### Exercise objective
When the line containing "Lamborghini Terzo Millennio" is found in the data below, copy it and each line after it through the line containing "Lagerplatz Bestätigung via", exactly and with no others.

### Information provided
'''
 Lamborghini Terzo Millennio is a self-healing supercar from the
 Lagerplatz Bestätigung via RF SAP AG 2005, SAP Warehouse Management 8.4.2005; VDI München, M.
'''
'''
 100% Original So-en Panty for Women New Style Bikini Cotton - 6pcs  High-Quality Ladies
'''
'''
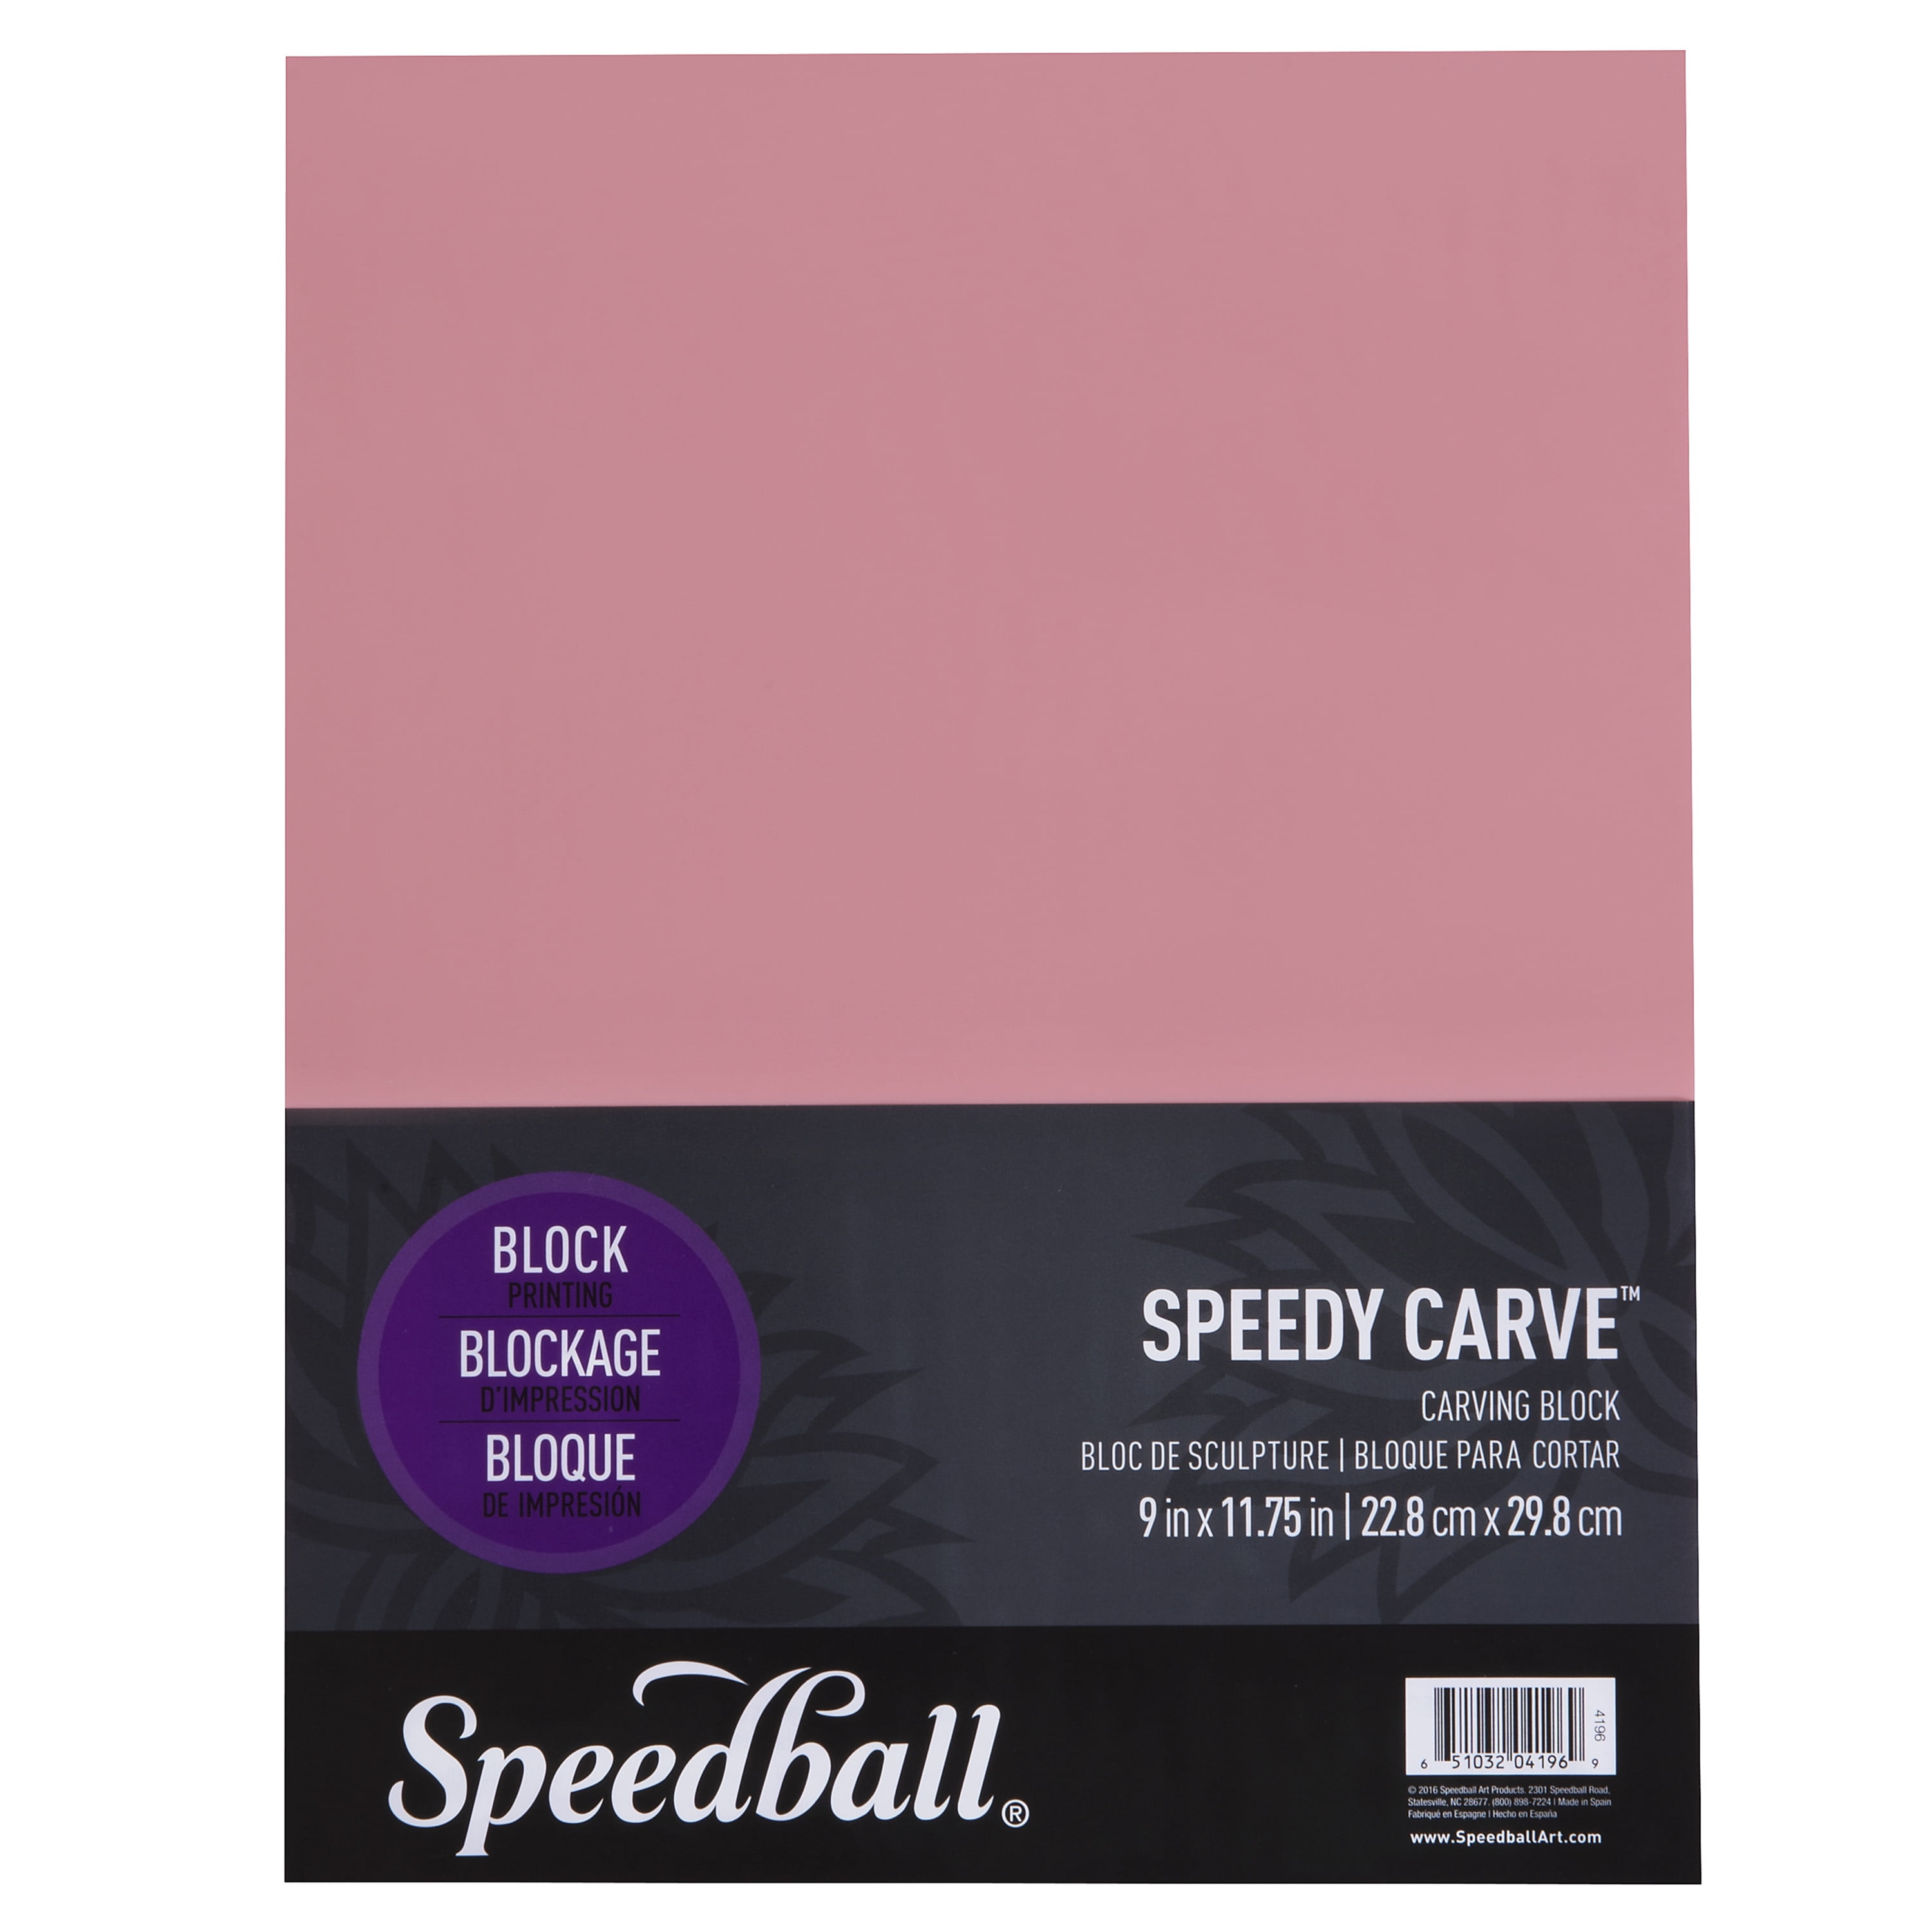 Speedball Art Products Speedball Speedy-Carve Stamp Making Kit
'''
### Your solution
 Lamborghini Terzo Millennio is a self-healing supercar from the
 Lagerplatz Bestätigung via RF SAP AG 2005, SAP Warehouse Management 8.4.2005; VDI München, M.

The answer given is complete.